◆ Required work
Copy out exactly the lines from the one with "神秘的で広がりのあるサウンドロゴ の再生済みの波形" through the last line of the listing below, both included, but none of the pictures.

◆ Data segment
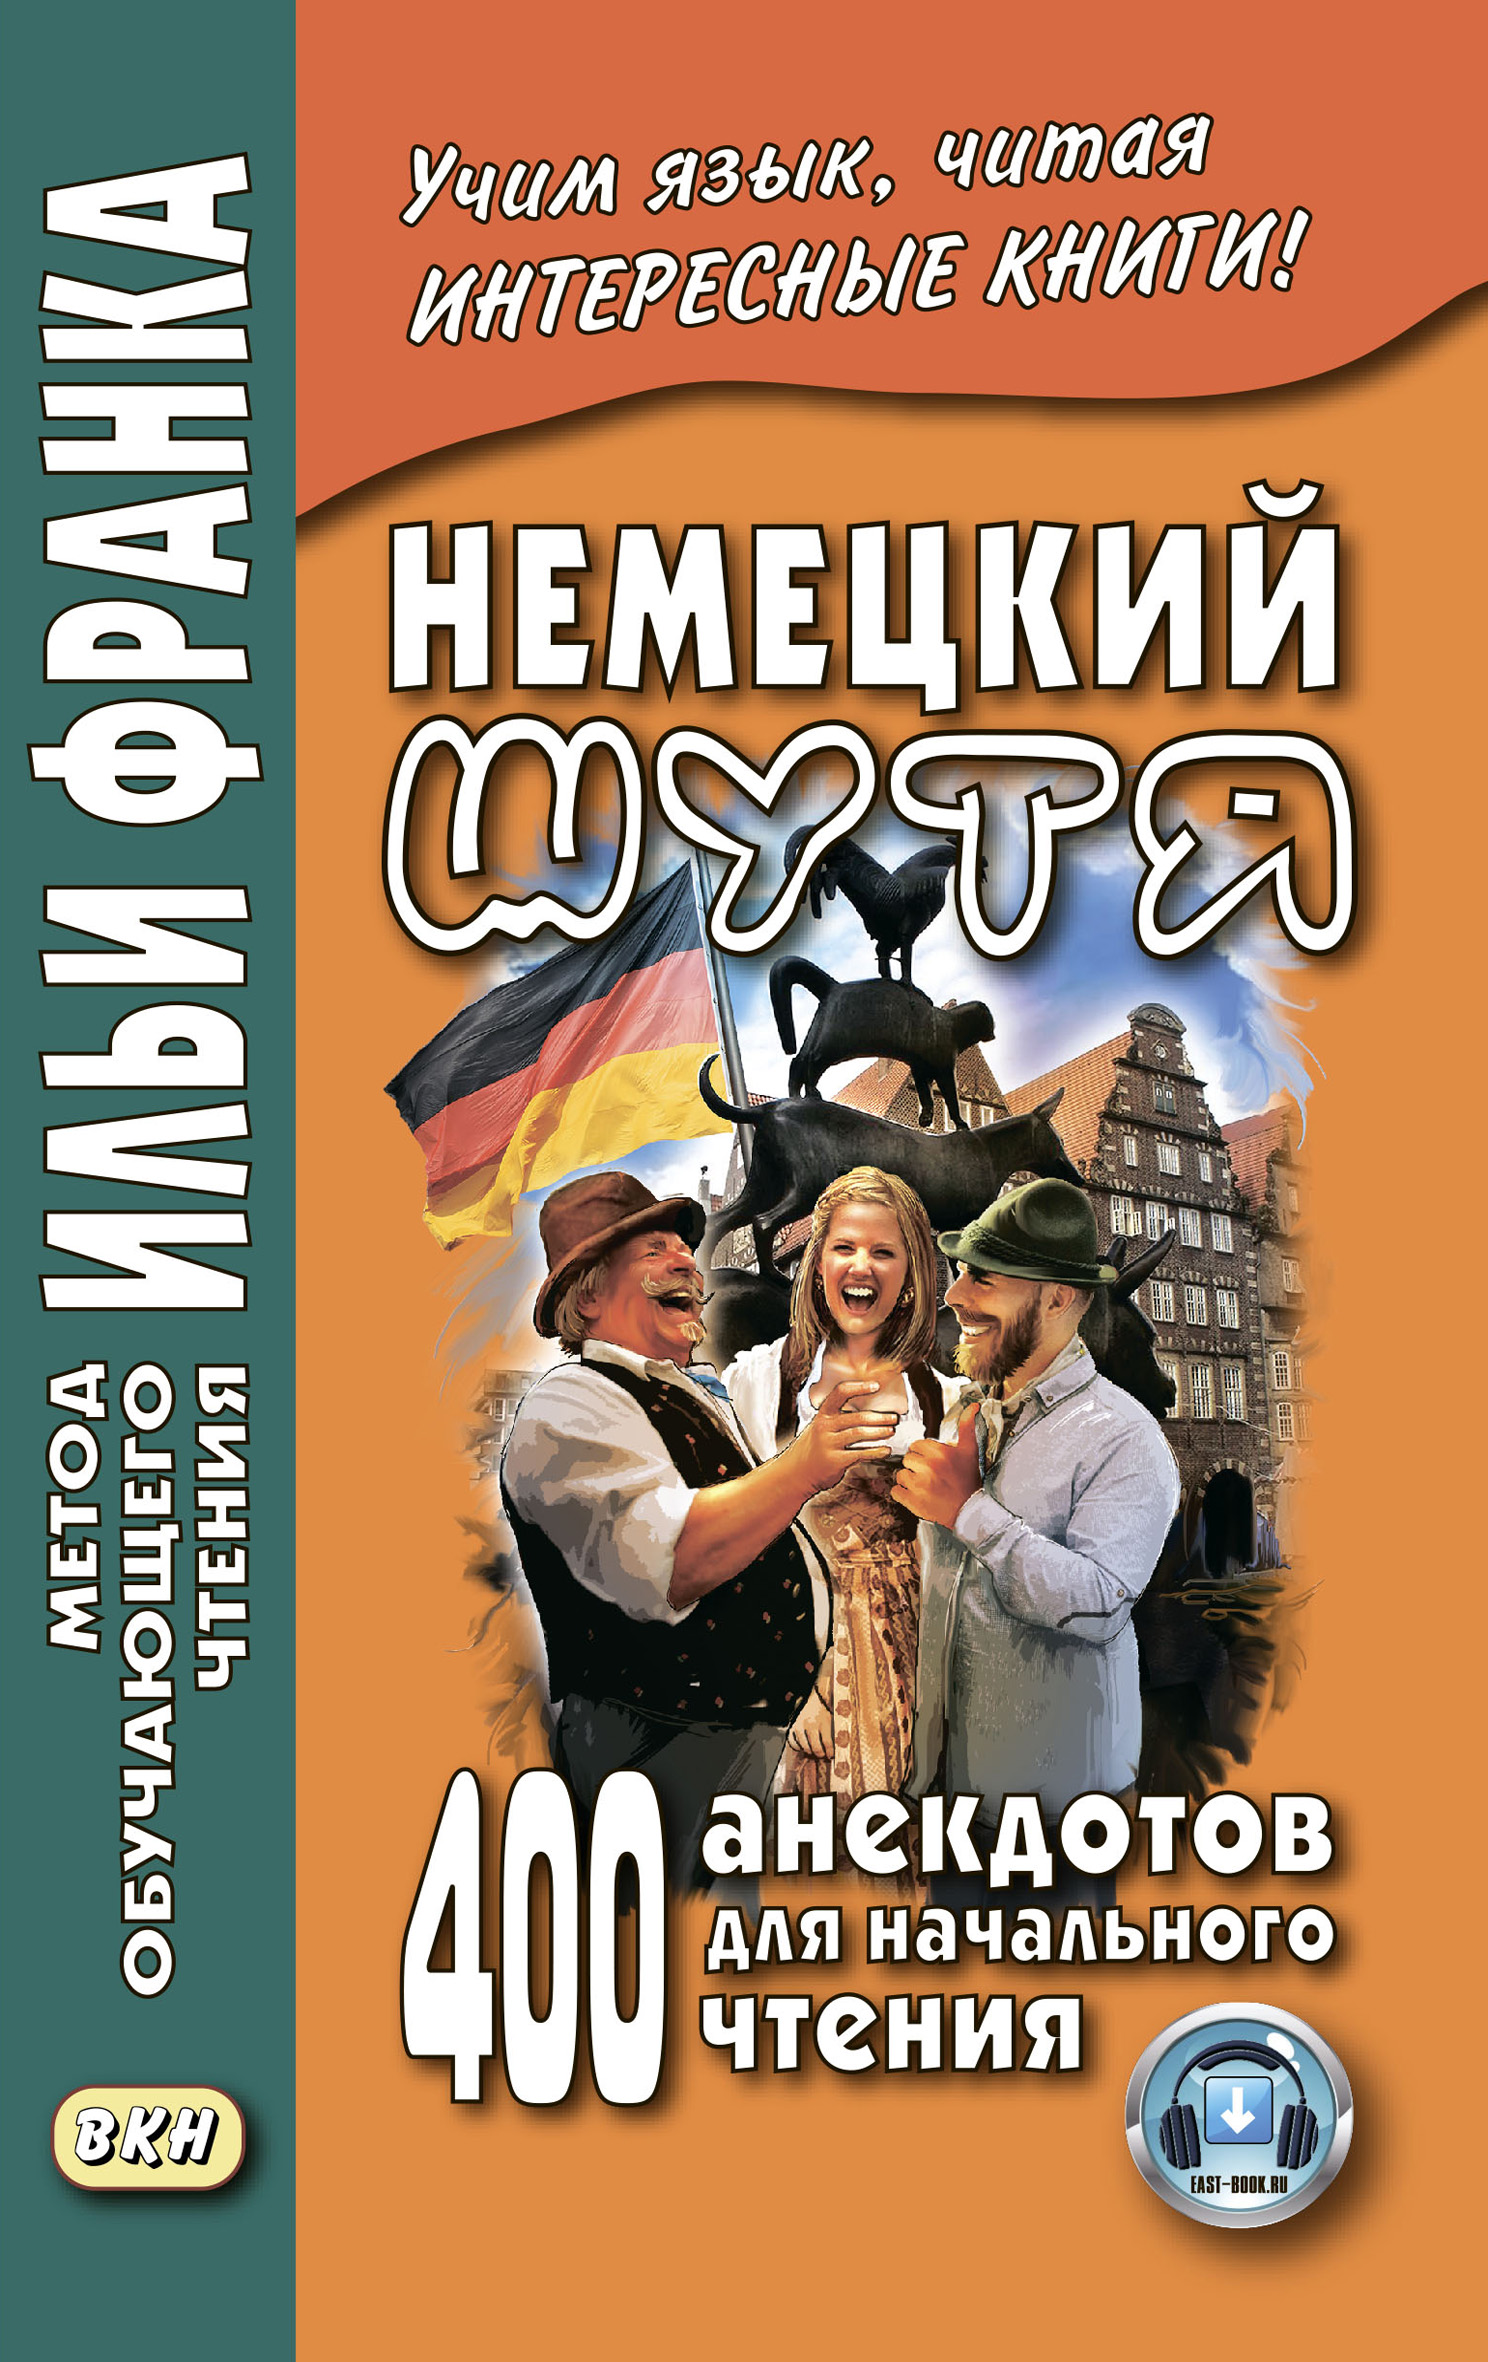 Купить книгу Немецкий шутя. 400 анекдотов для начального чтения, автора
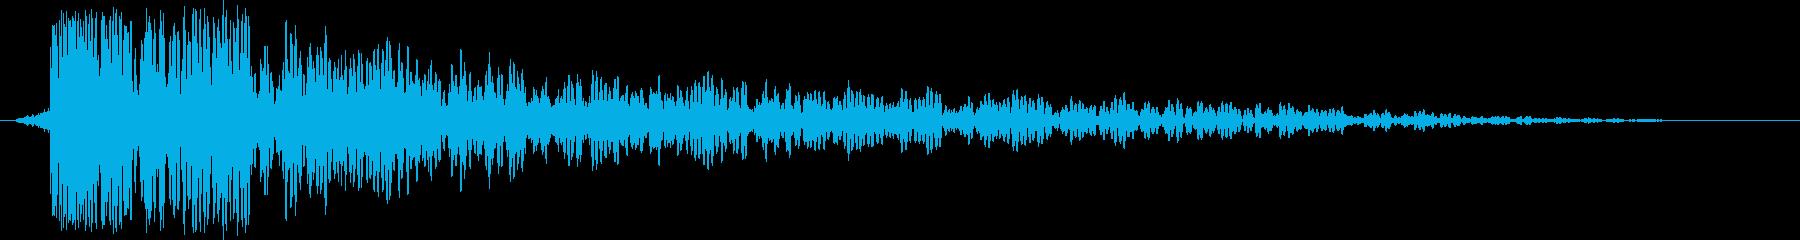 神秘的で広がりのあるサウンドロゴ の再生済みの波形
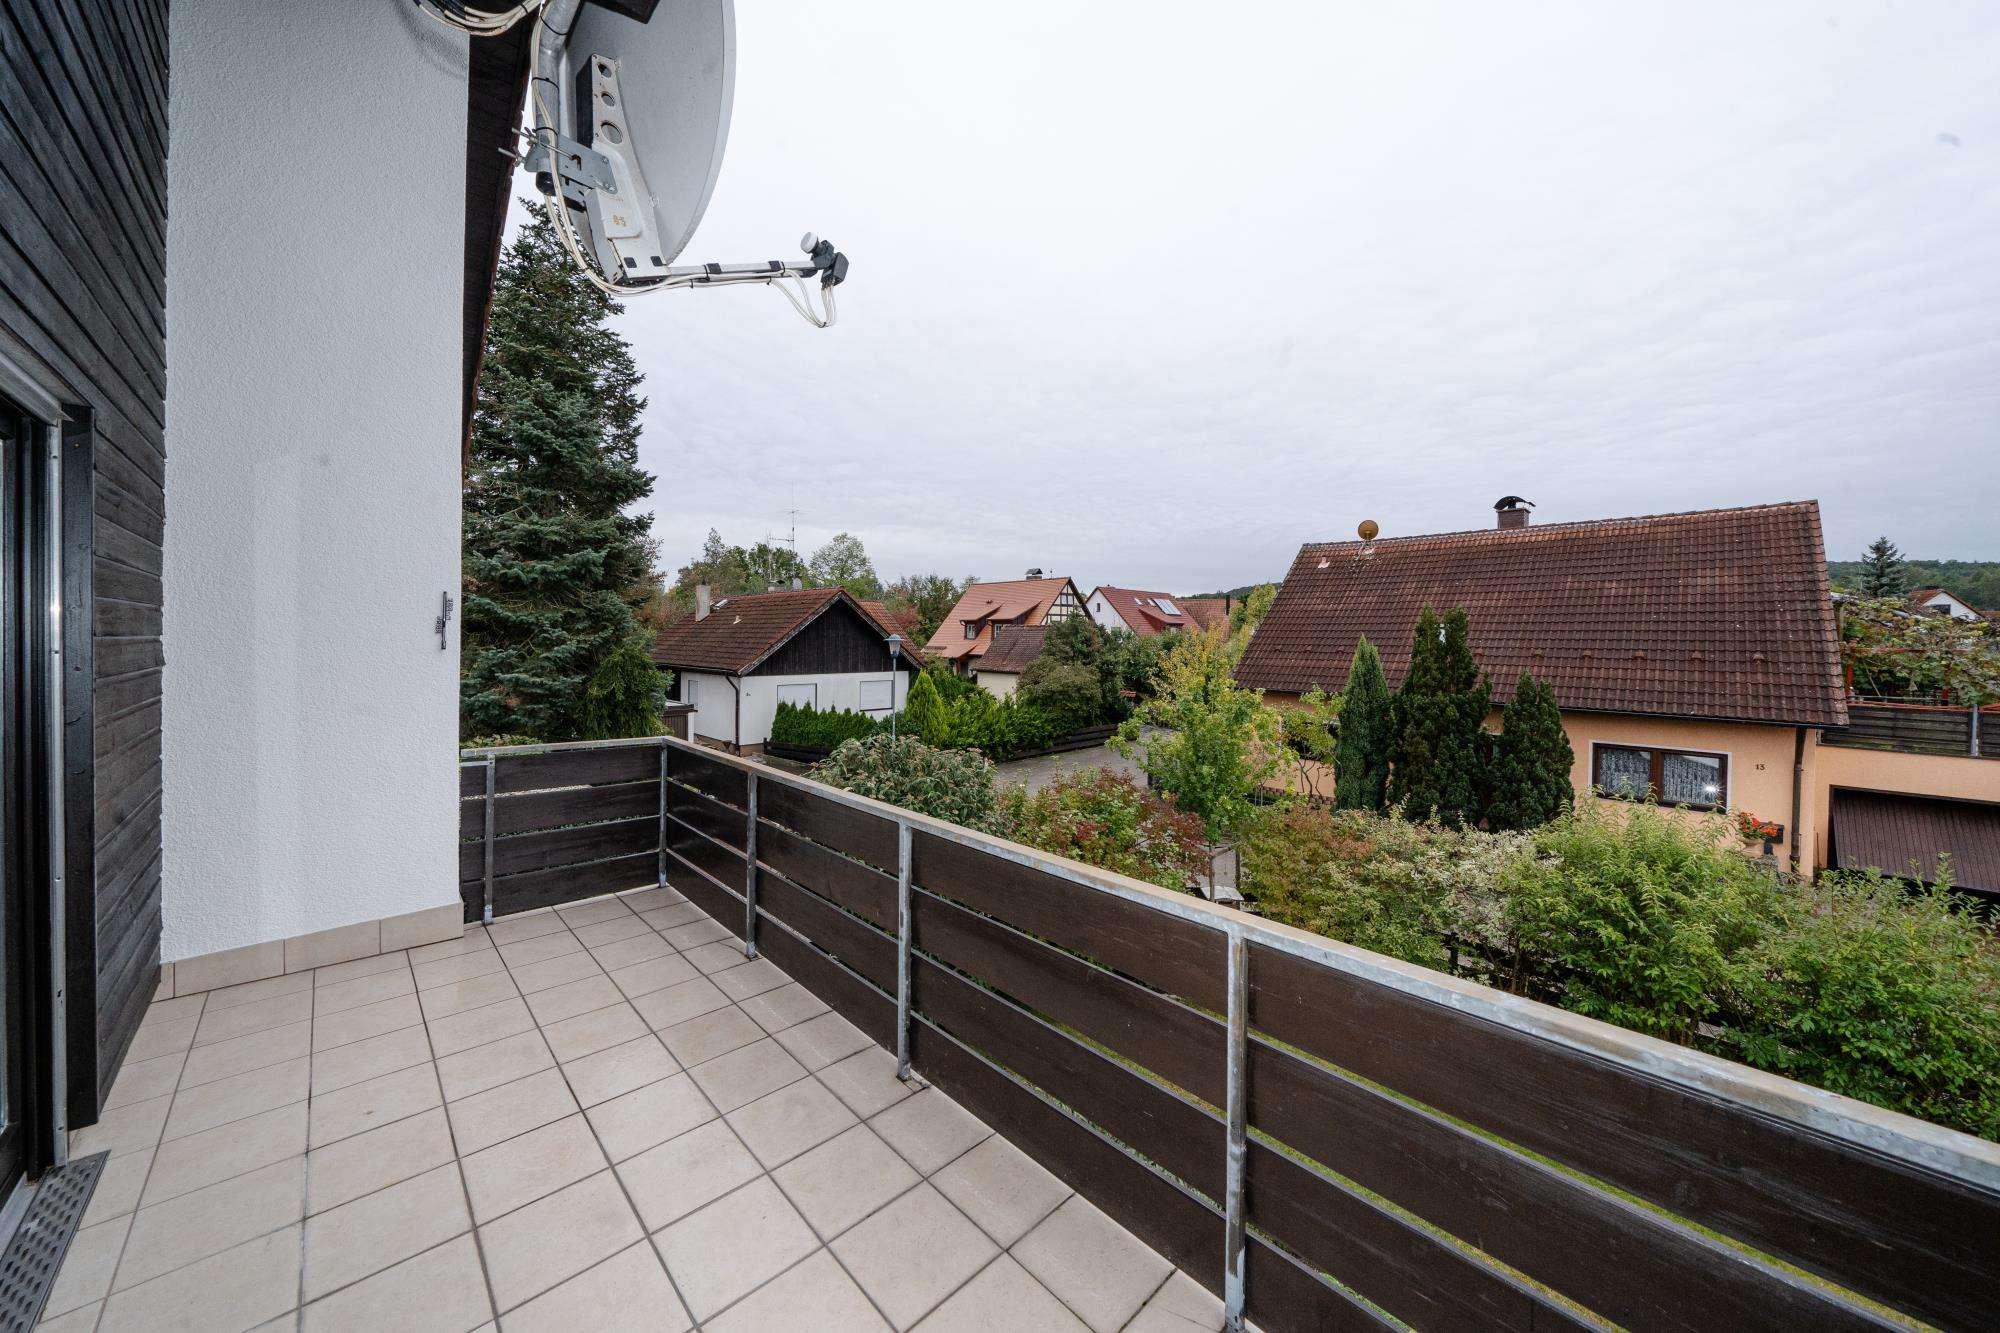 Helle Wohnung mit sonniger Loggia in idyllischer Umgebung! in Oberfürberg / Eschenau (Fürth)

◆ Written answer
 神秘的で広がりのあるサウンドロゴ の再生済みの波形
 Helle Wohnung mit sonniger Loggia in idyllischer Umgebung! in Oberfürberg / Eschenau (Fürth)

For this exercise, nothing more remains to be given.